Suppose A is an array which consists of ‘n’ elements namely A[l], A[2], . . . , A[N]. The selection sort algorithm will works as follows.

1. Step 1: a. First find the location LOC of the smallest element in the list A[l], A[2], . . . , A[N] and put it in the first position.

b. Interchange A[LOC] and A[1].

c. Now, A[1] is sorted.

2. Step 2: a. Find the location of the second smallest element in the list A[2], . . . , A[N] and put it in the second position.

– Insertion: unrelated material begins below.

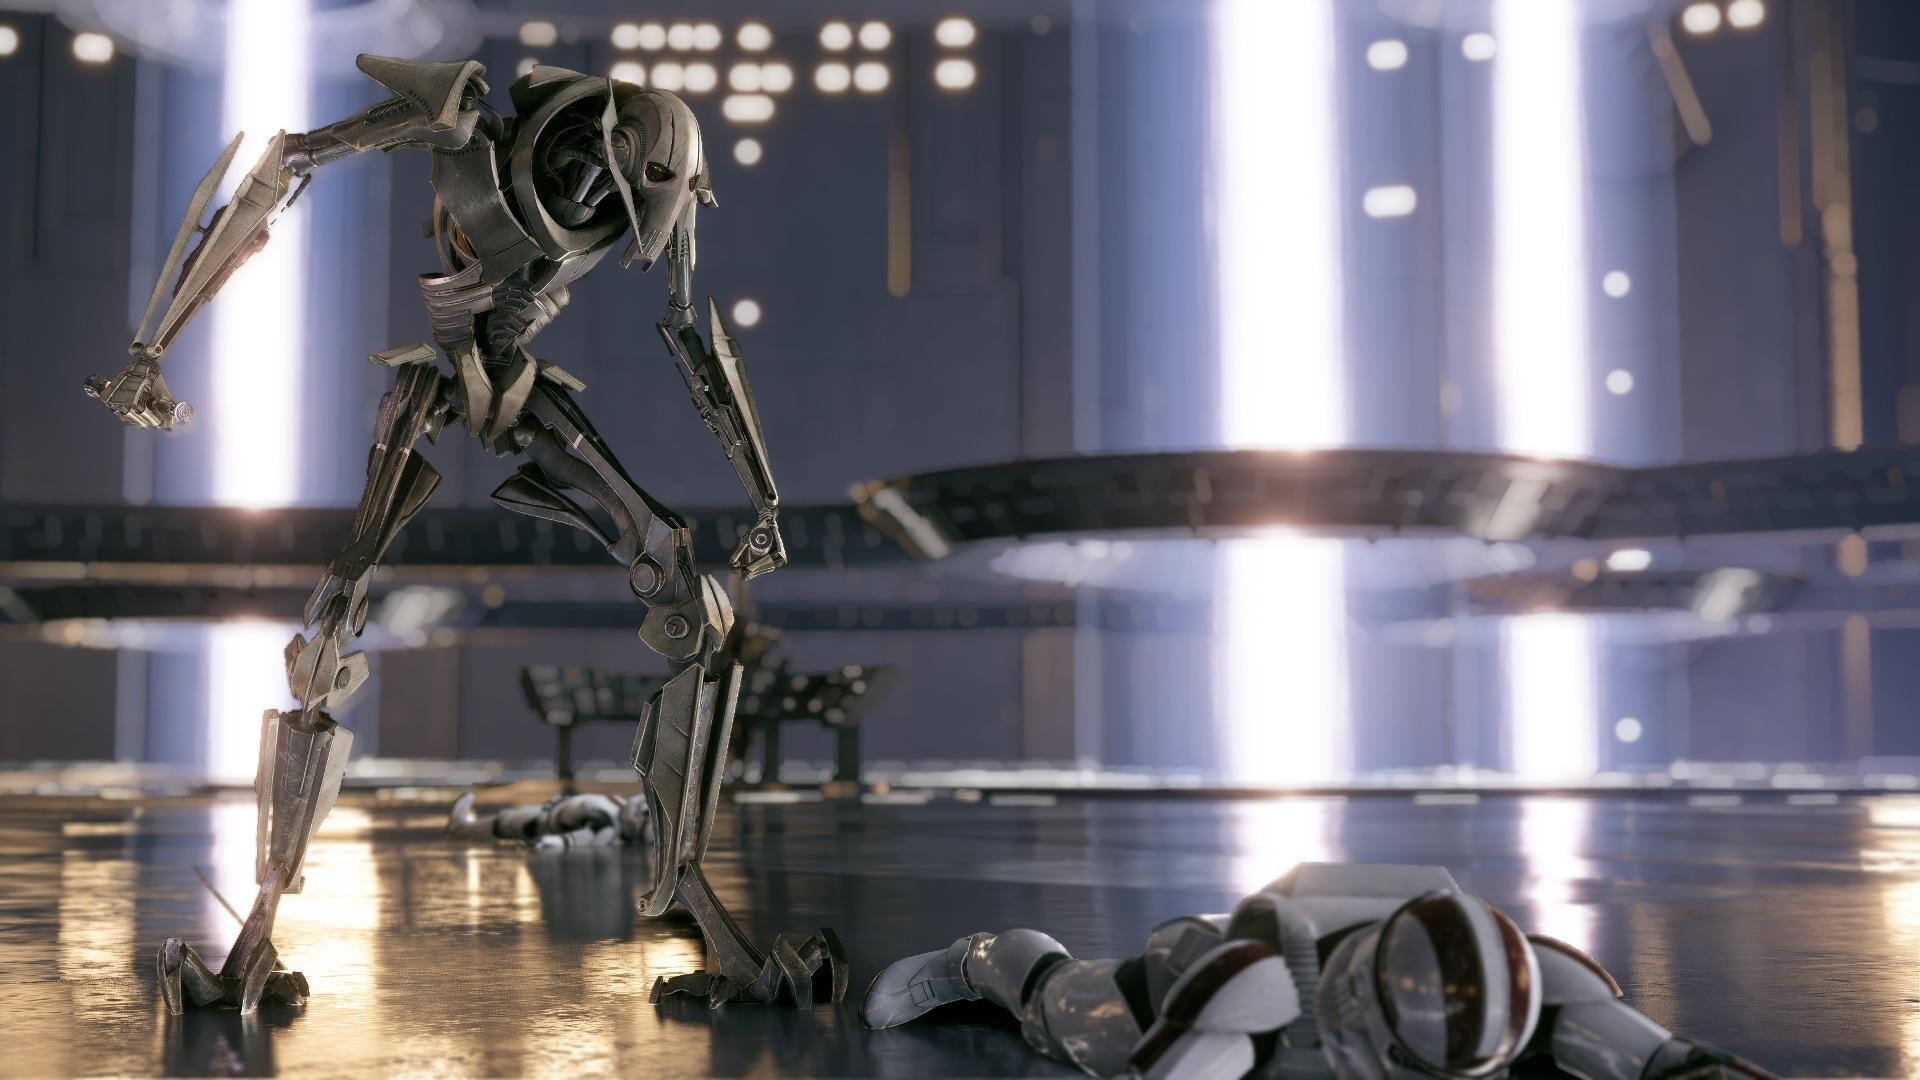 General Grievous: Originally conceived as a droid general by George Lucas, A warrior from the planet Kalee. 1920x1080 Full HD Wallpaper.

b. Interchange A[LOC] and A[2].

c. Now, A[1] and A[2] is sorted. Hence, A[l] ≤ A[2].

3. Step 3: a. Find the location of the third smallest element in the list A[3], . . . , A[N] and put it in the third position.

b. Interchange A[LOC] and A[3].

c. Now, A[1], A[2] and A[3] is sorted. Hence, A[l] ≤ A[2] ≤ A[3].

. . . . . . . . . . . . . . . . . . . . . . . . . . . . . . . .. . . . . . . . . . . . . . . . . . . . . . . . . . . .

N-1. Step N–1 : a. Find the location of the smallest element in the list A[A–1] and A[N].

b. Interchange A[LOC] and A[N–1] & put into the second last position.

c. Now, A[1], A[2], …..,A[N] is sorted. Hence, A[l] ≤ … ≤ A[N–1] ≤A[N].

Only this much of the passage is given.